INFORMATION PROVIDED —
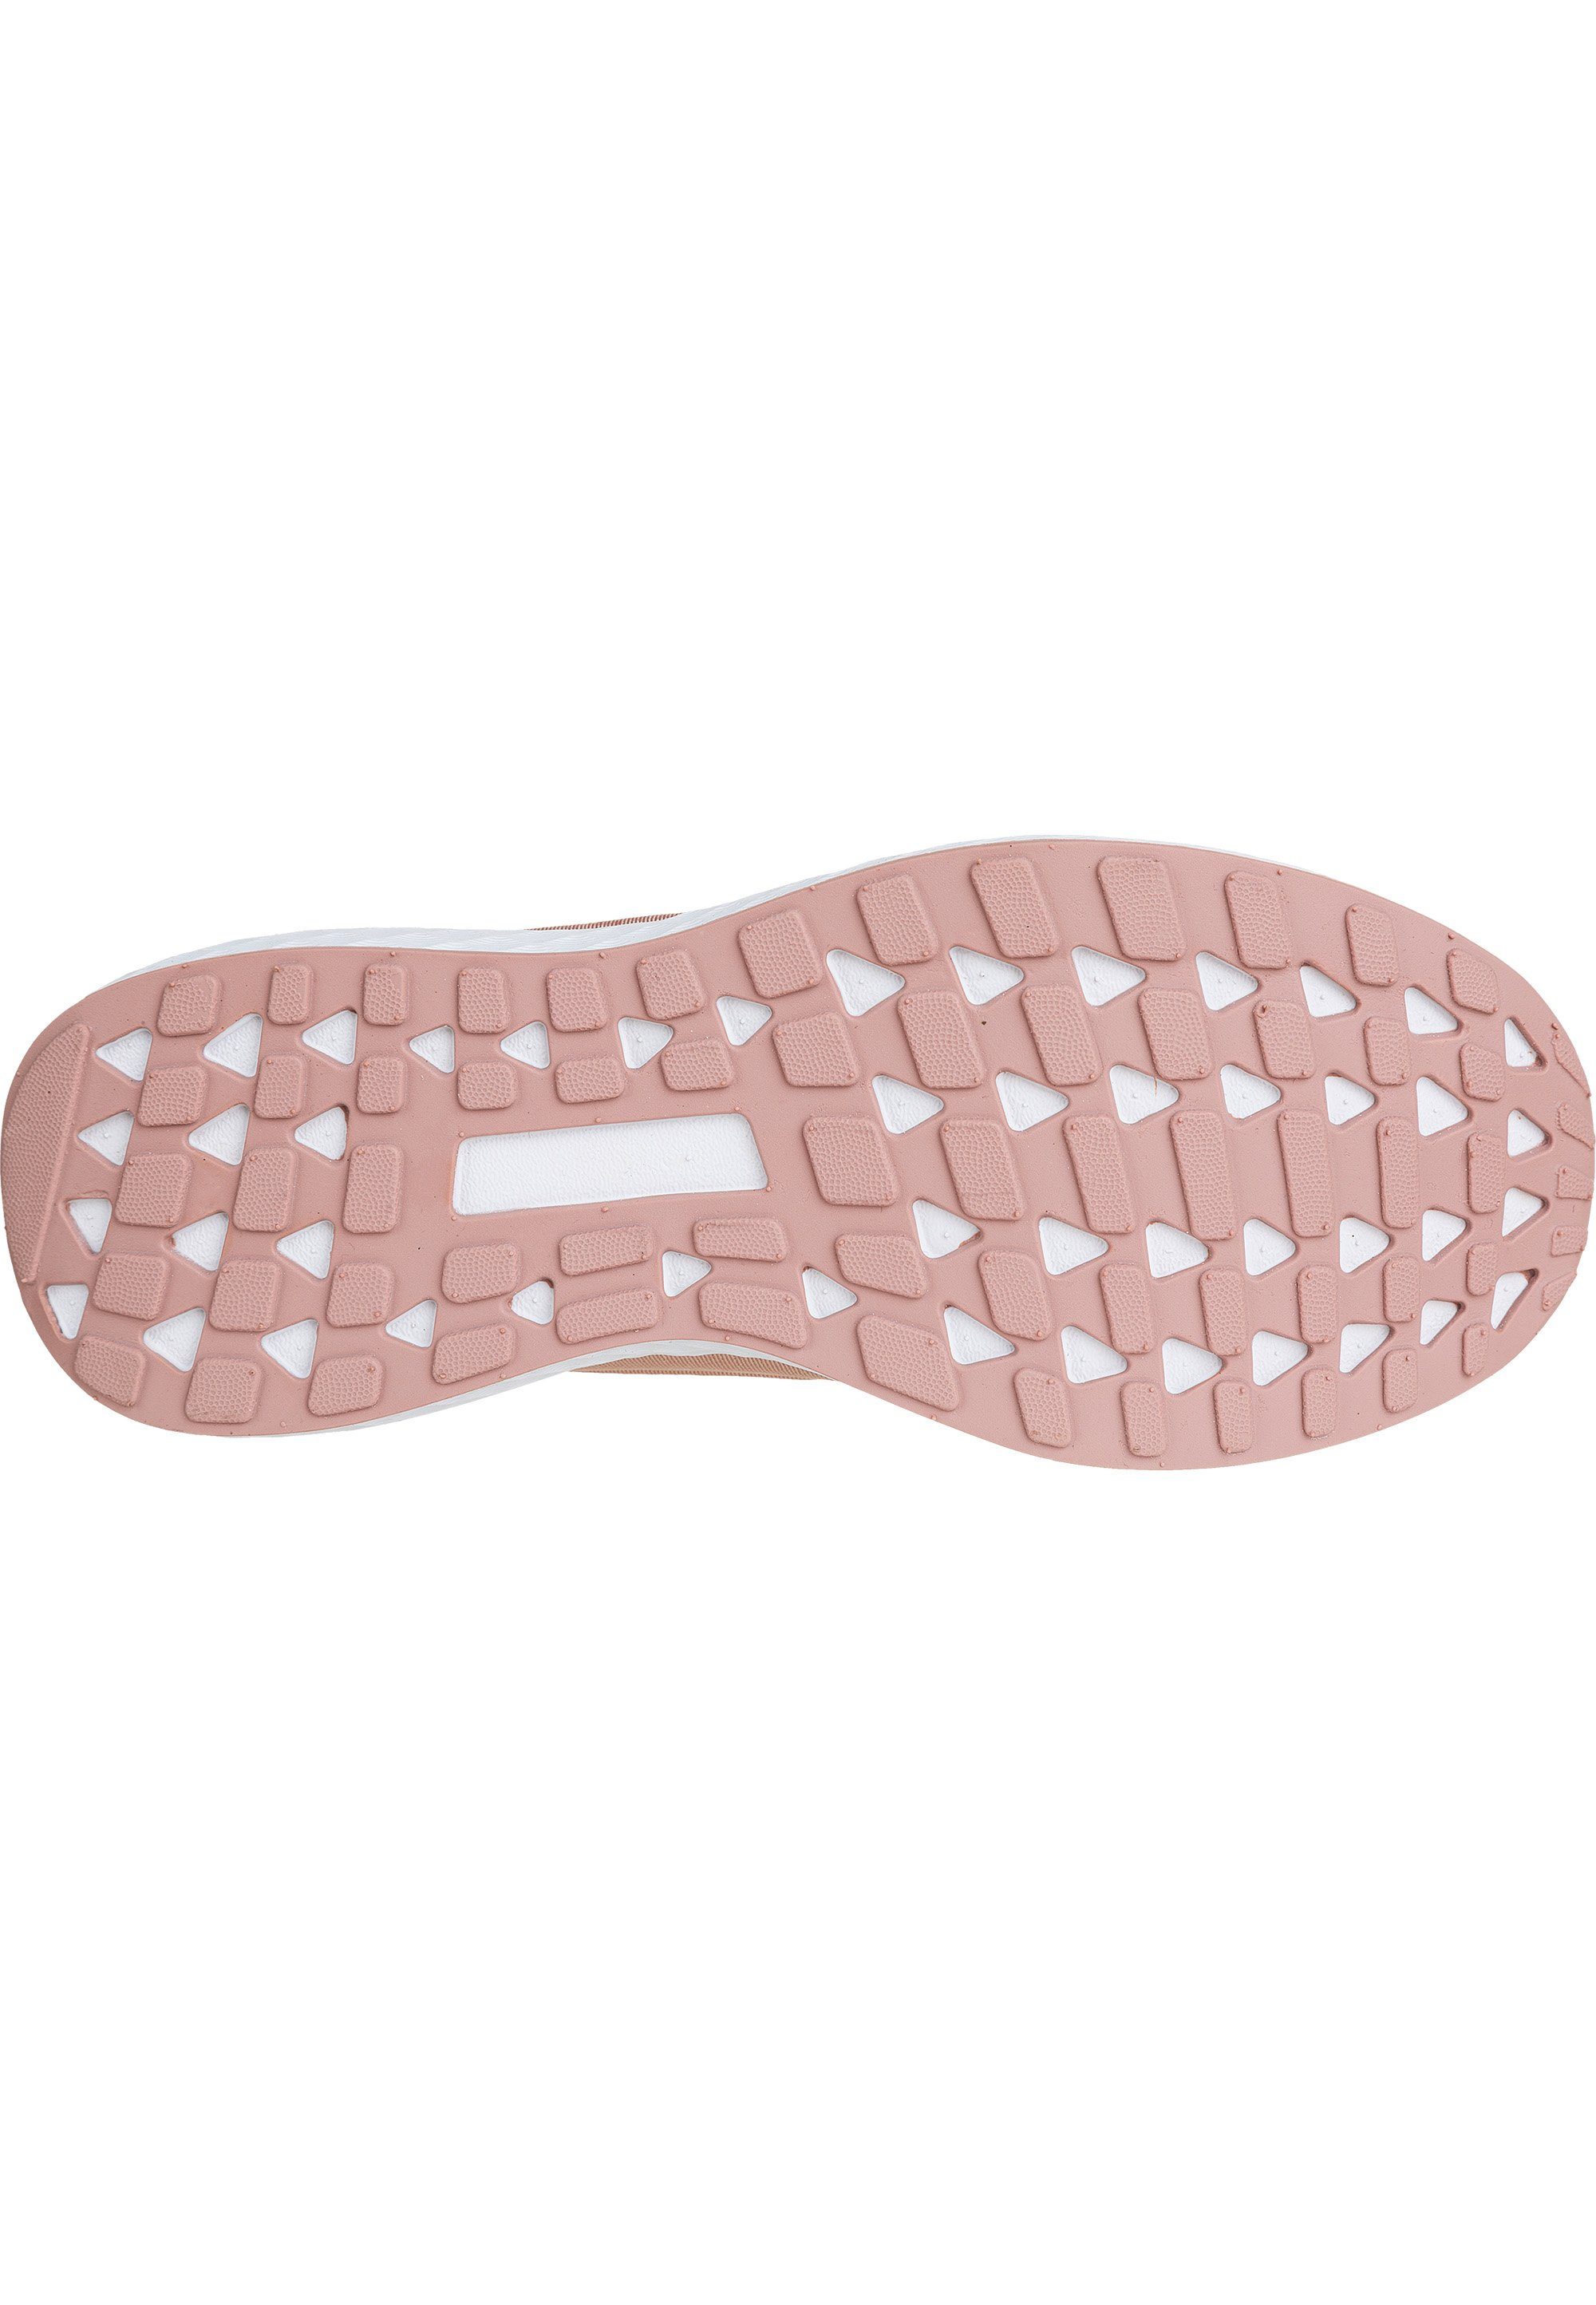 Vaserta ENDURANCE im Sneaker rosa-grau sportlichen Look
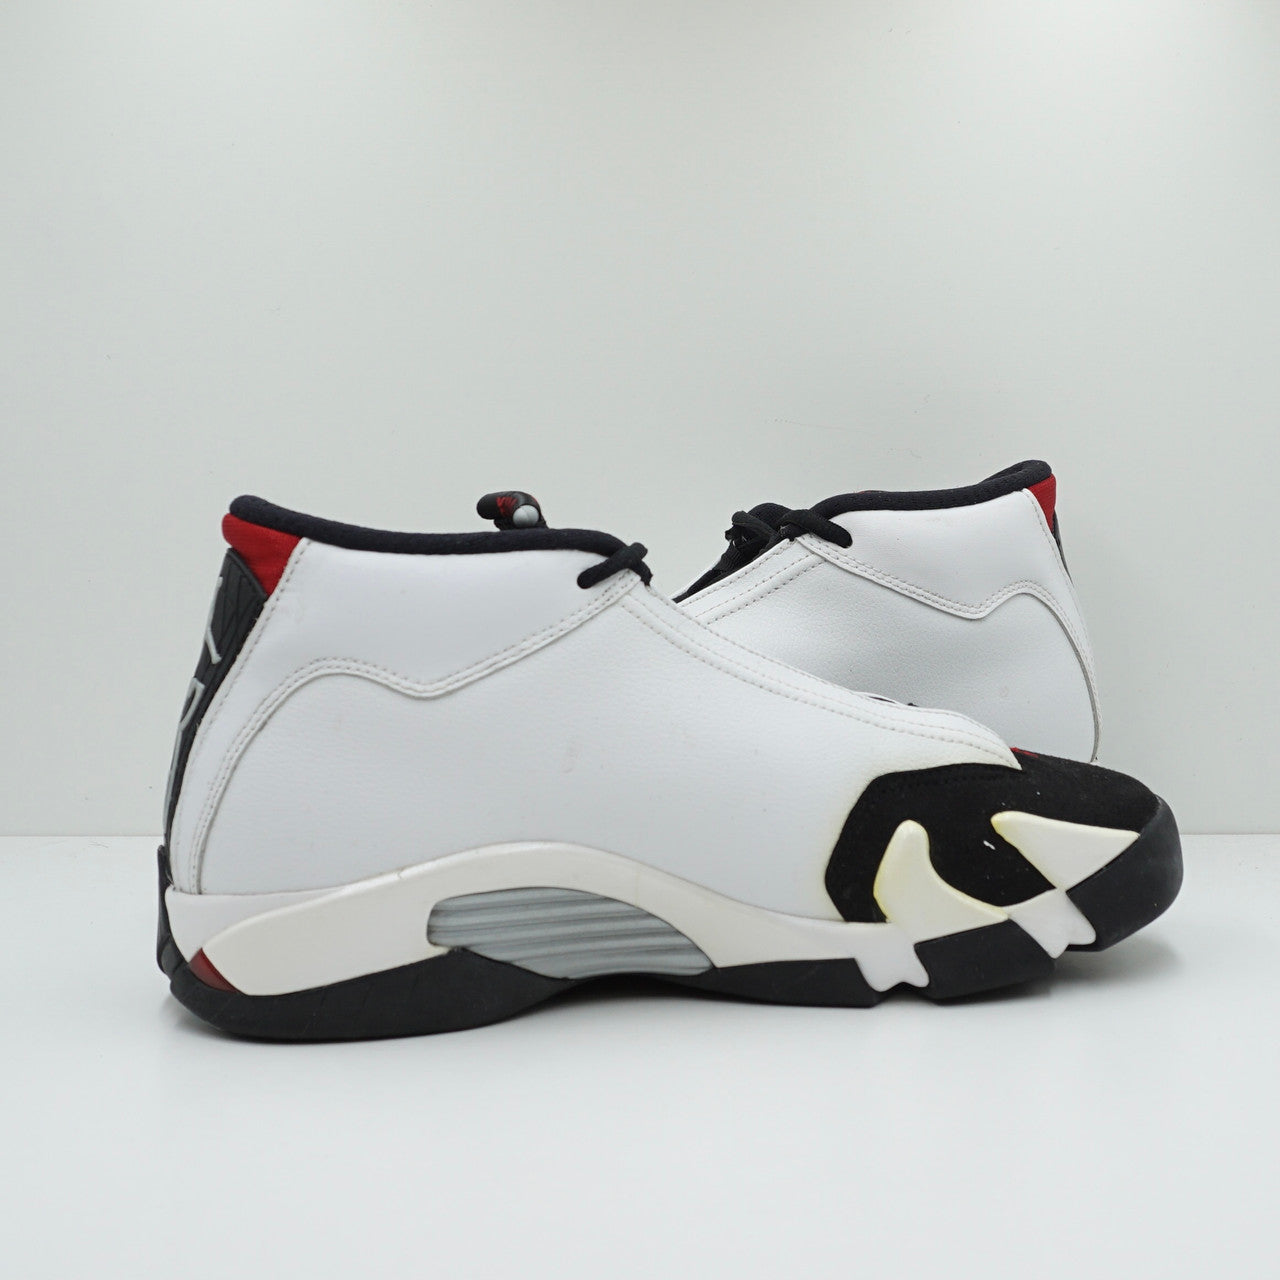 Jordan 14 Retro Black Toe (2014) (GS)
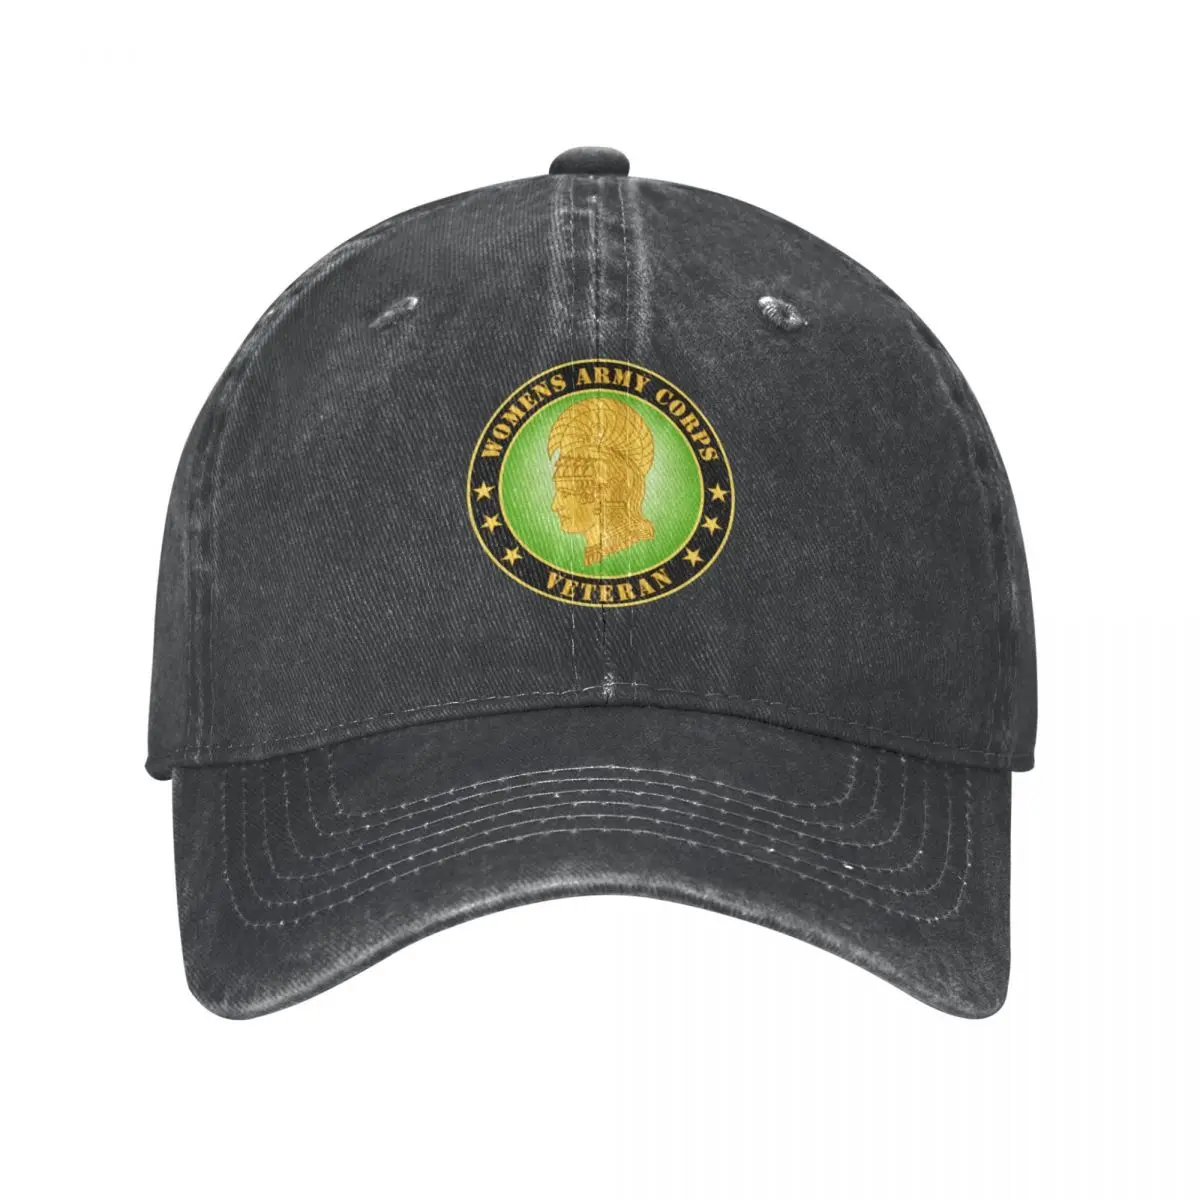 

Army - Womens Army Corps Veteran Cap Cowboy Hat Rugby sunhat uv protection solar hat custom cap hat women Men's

TASK —
The whole listing is to be written out exactly; the pictures stay out of the copy.

RESPONSE —
 Vaserta ENDURANCE im Sneaker rosa-grau sportlichen Look
 Jordan 14 Retro Black Toe (2014) (GS)

Army - Womens Army Corps Veteran Cap Cowboy Hat Rugby sunhat uv protection solar hat custom cap hat women Men's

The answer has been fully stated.